Publishing scenario in Africa…

“This year, I had the opportunity to attend The London Book Fair, the UK’s largest publishing and book trade fair, where I was delighted to join a panel discussion on ‘Journey of African Publishing,’ The panel also comprised Lawrence Njagi,Bibi Bakare-Yusuf, and Gbadega Adedapo and it was fascinating to compare perspectives on this topic with them. Bibi Bakare-Yusuf said that when she founded Cassava Republic 17 years ago, she was interested in seeing books not only written by African people, but also published by African people. “Taking on production was important, and today it’s exciting to see more trade publishers being established,” she said, and I agree. The real challenge to getting more books to readers, she pointed out, is price. “The question is not whether people want to read but how to make books affordable for more people.
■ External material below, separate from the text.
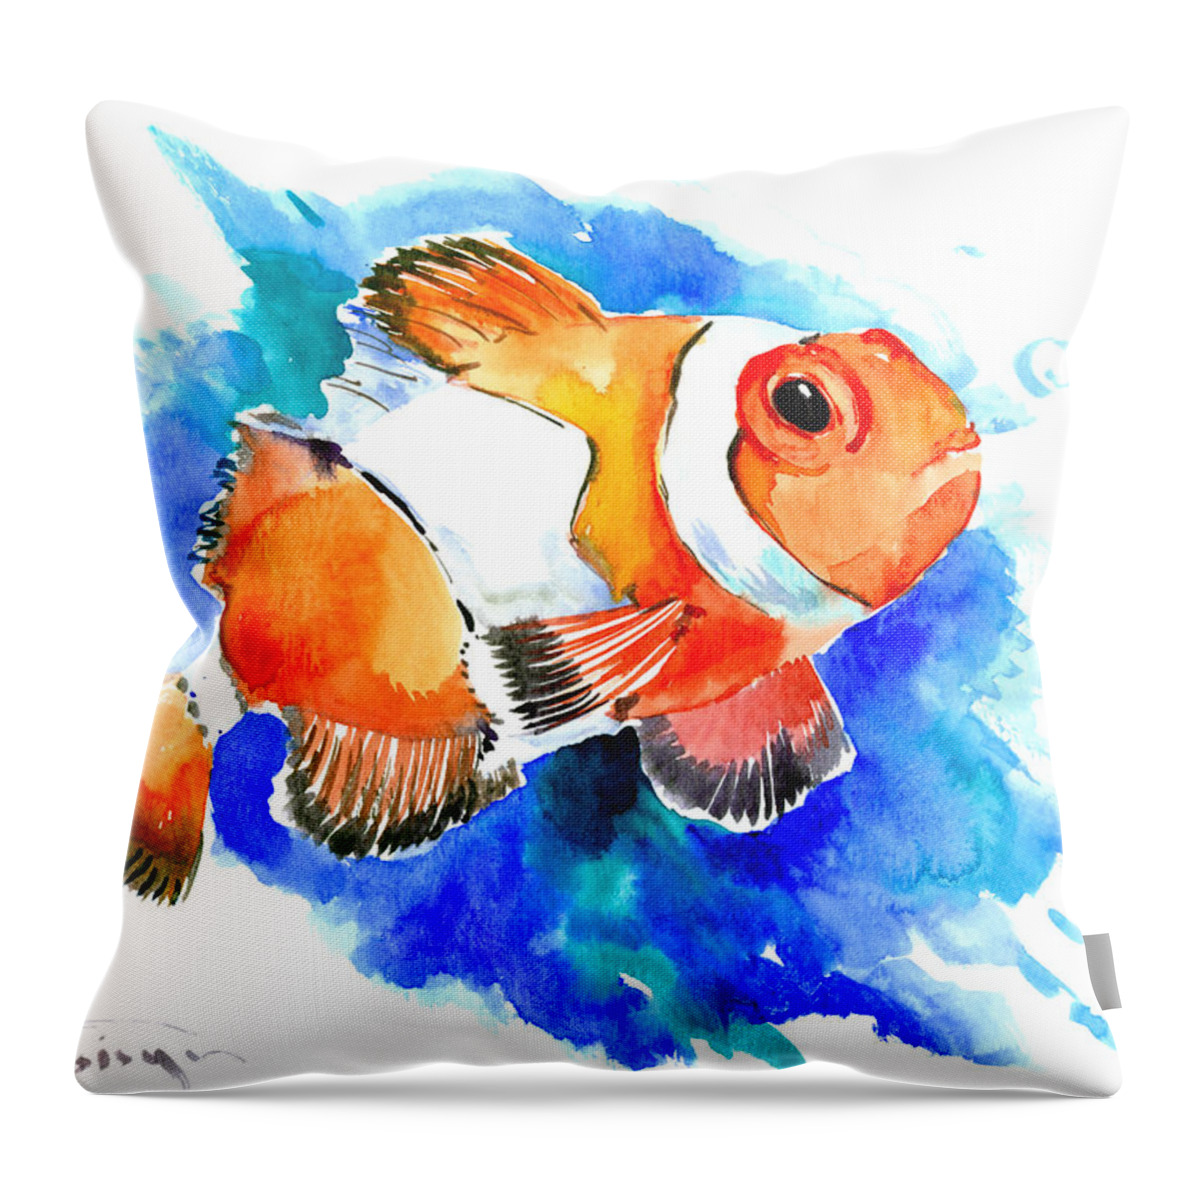 Clown Fish Throw Pillow featuring the painting Clownfish by Suren Nersisyan

We need more Africans owning the means of production,” she said,” tells Mercy.

Challenges and the opportunities in African publishing industry…

“One of the major challenges is accessibility: books and other resources need to be made available at affordable prices for all. I believe this is where eKitabu has a vital role to play, in building connections across the continent, and working with African partners to help own our own means of production within the continent and showcasing the huge variety of African publishing to the global industry,” tells Mercy.

Technology in publishing…

“Publishers are using technology to widen distribution, and an increasing number of platforms are being created to provide access to information. During our LBF seminar discussion, Bibi Bakare-Yusuf’s comment, “Technology is a prosthetic,” really made me think, especially as it touches on our work with and for people with disabilities. Bibi is right. In relation to books, technology is an artificial means to do things we might not do, or might not be able to do, with a traditional printed book. But as helpful as technology is in packaging and distribution, reading and writing and publishing is about the content —the stories, the voices, the ideas, and knowledge. Let’s focus on how to make books more affordable and accessible for all readers,” shares Mercy.

On enhancing trade relations…

“One way is to strengthen relationships between organisations between the two countries, for example, publishing beyond the border, promoting buying and selling of rights between the two territories. Digitization of materials and digital distribution is also a growing area and has no boundaries, and can be achieved by using the available platforms such as eKitabu to promote content from India across the continent of Africa,” opines Mercy.

“Let us work together to create opportunities to access both print and digital content in a simpler, affordable and efficient way. If you want to go fast, go alone, if you want to go far, go together,” concludes Mercy.